Not long ago, @mtlouvert tweeted about this Transports Quebec database saying it would be nice to have access to all the data in a usable format. I thought it would be a nice project but was busy working on other things.
Sunday night I had some spare time so I decided to check what could be done. I did not find any way to completely download the data by downloading reports etc… So I turned to Python and the fantastic scraping framework Scrapy.
A few hours later I had a working crawler and a bit later output in different formats. I will post something more technical about the process soon.
Here are the results:
This morning, big surprise, I found on Twitter that James McKinney has done a similar exercise last night. I guess Sunday night is hacking night for him too. I checked his data and realized that not all the database was available. So I thought I’d release my stuff anyway. Others may find it useful.
Today at lunch and later in the afternoon I finalized a few things. I wanted to display the KML on a map but the generated KMZ is too large to display on a Google Maps directly so I ended up using a Google Fusion Table.

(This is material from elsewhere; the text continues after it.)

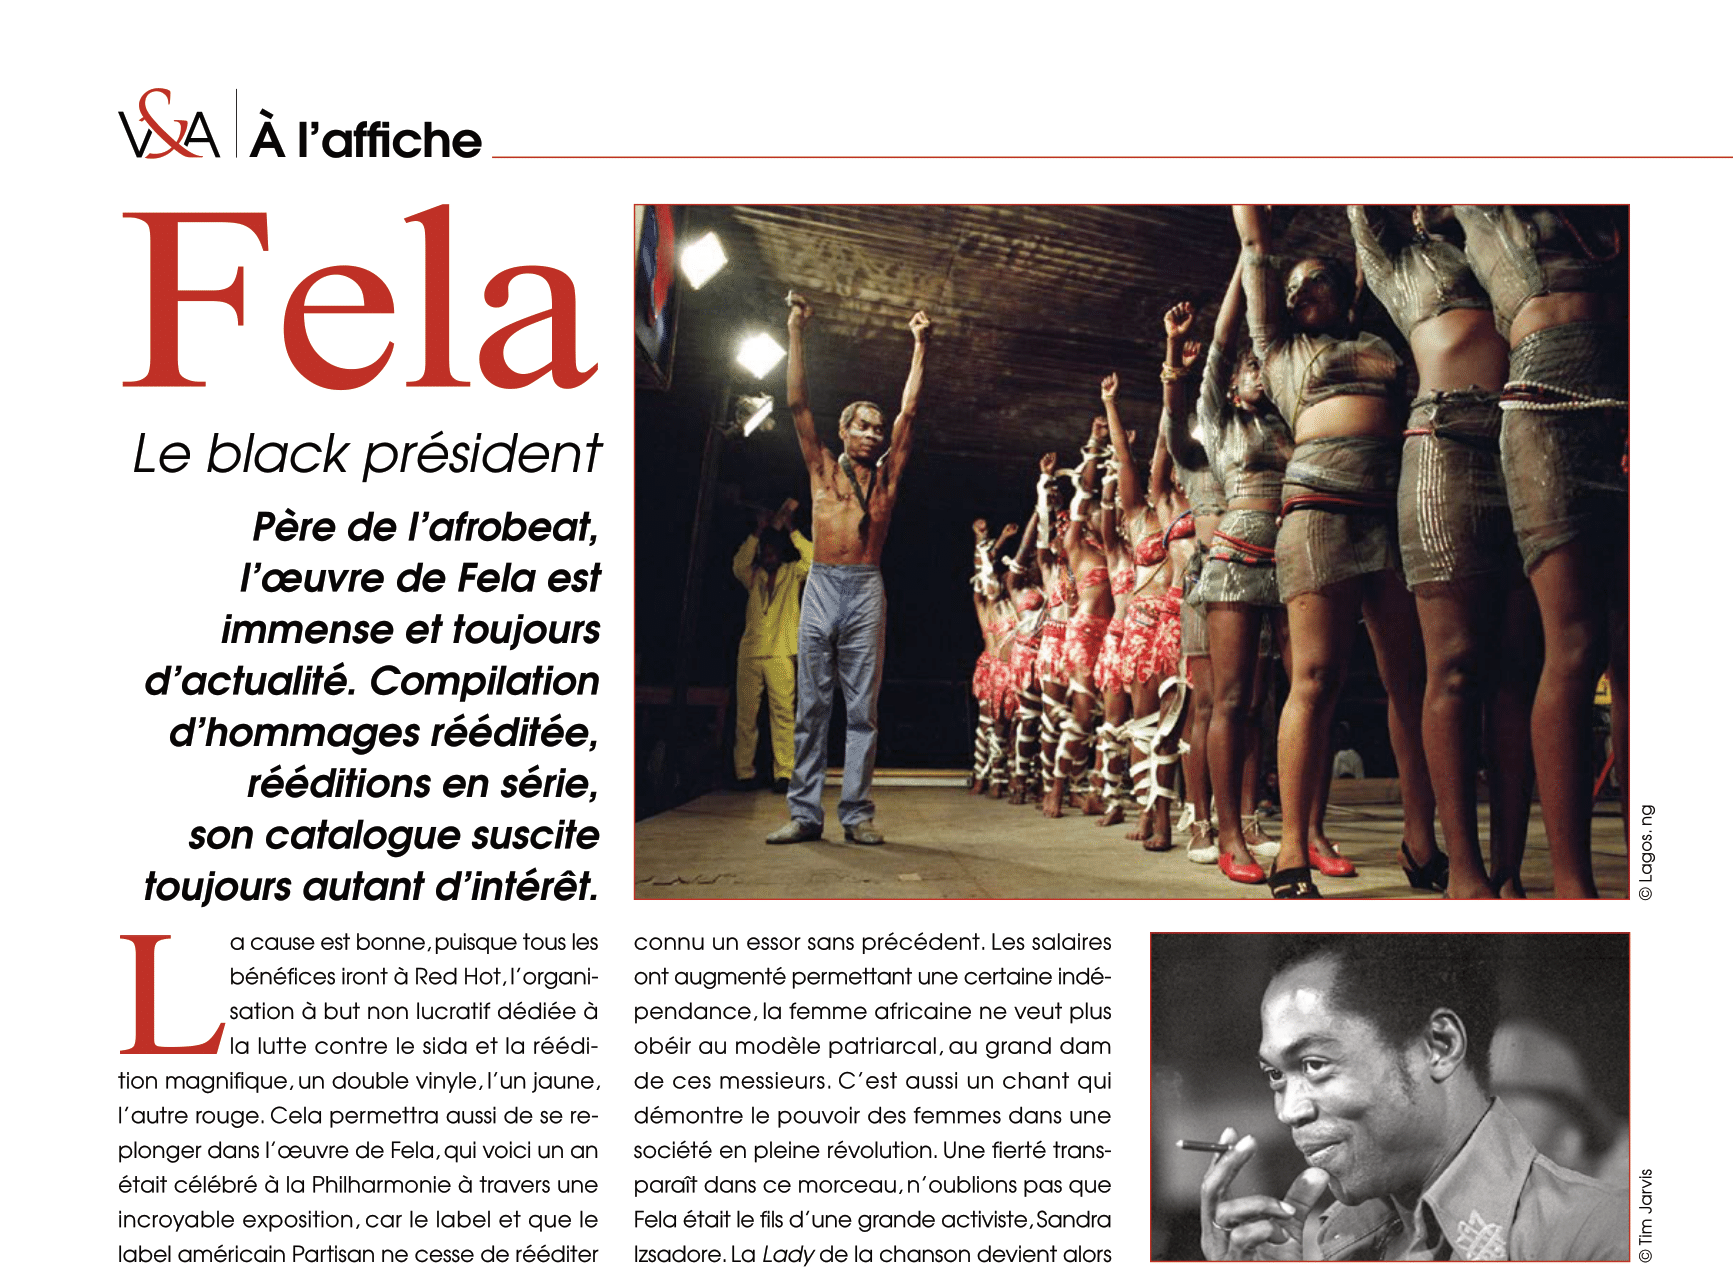 A l’affiche de Vinyle & Audio numéro 22 : Fela, le black president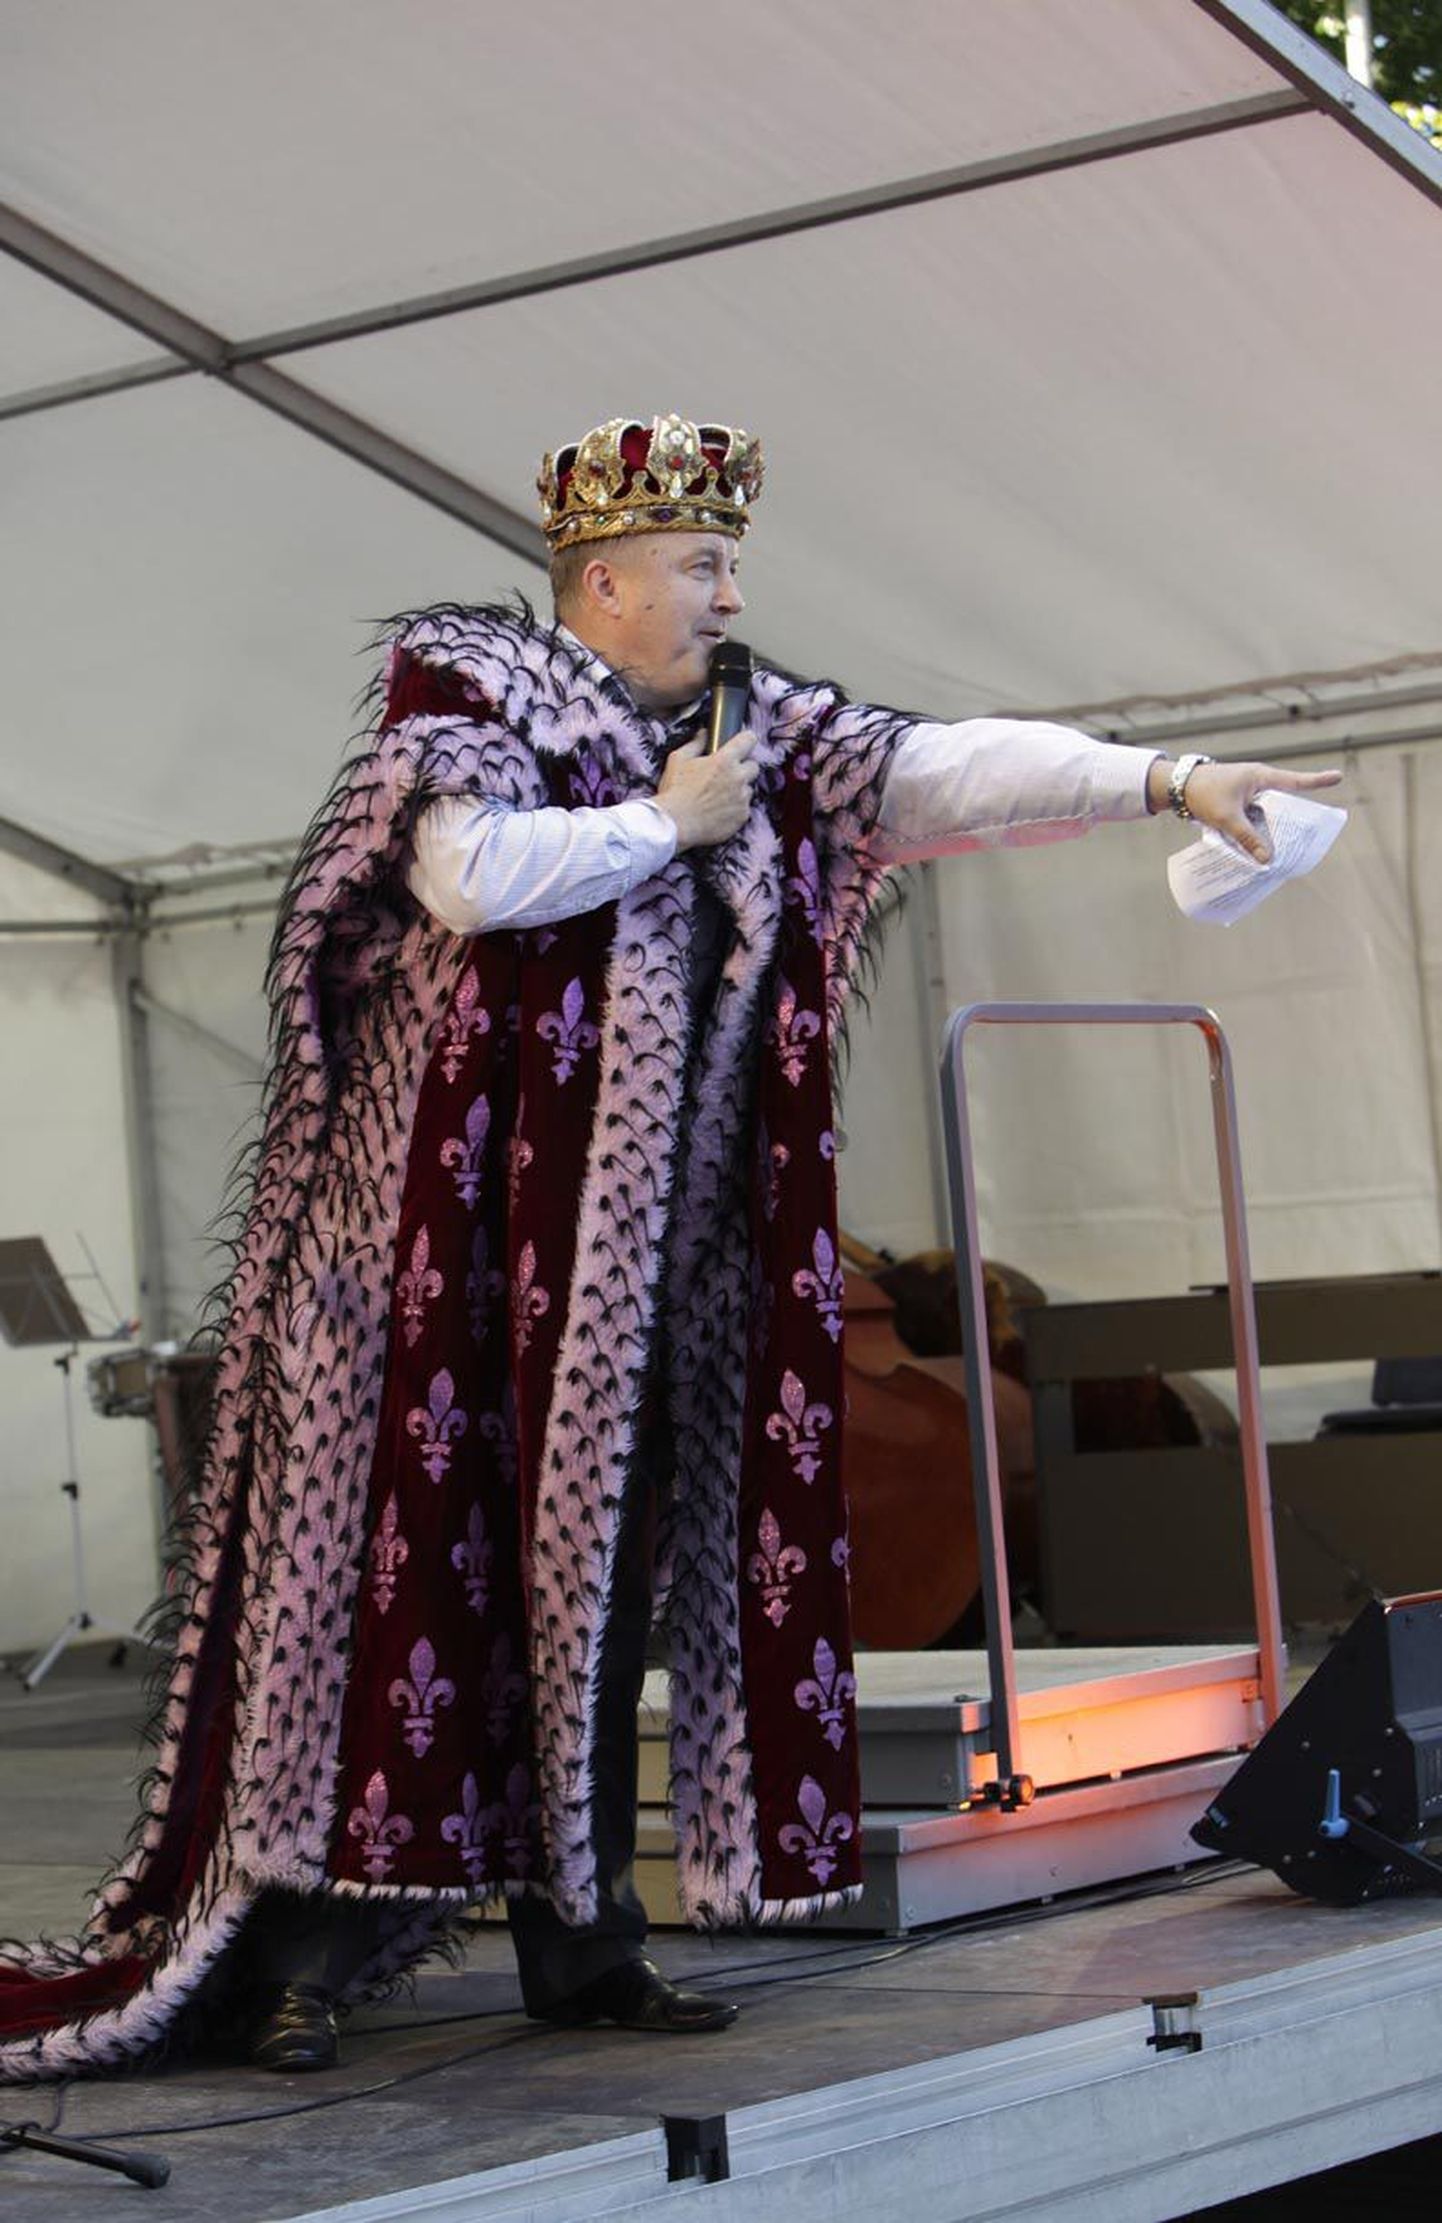 Estonia juht Aivar Mäe peab ooperiteatri rajamise sidumist linnahalliga liiga värskeks, et sellest täpsemalt kõnelda.

Here are links to the Fusion table and the data in different format:
- Google Fusion Table (Click on Visualize then Map to get the map. Zoom in a bit to click on actual markers and see the description)
- KML (KMZ)
- CSV (Zipped)
- JSON (Zipped)
- Line JSON (One JSON entry per line) (Zipped)
UPDATE 2011/11/10: I’ve noticed a missing double-quote in the KML description field that caused two rows to be “merged” so I have regenerated the data, created a new fusion table with it and updated the links. I also removed the “fusion_marker” field from the non-KML format as it was added specifically for the fusion table.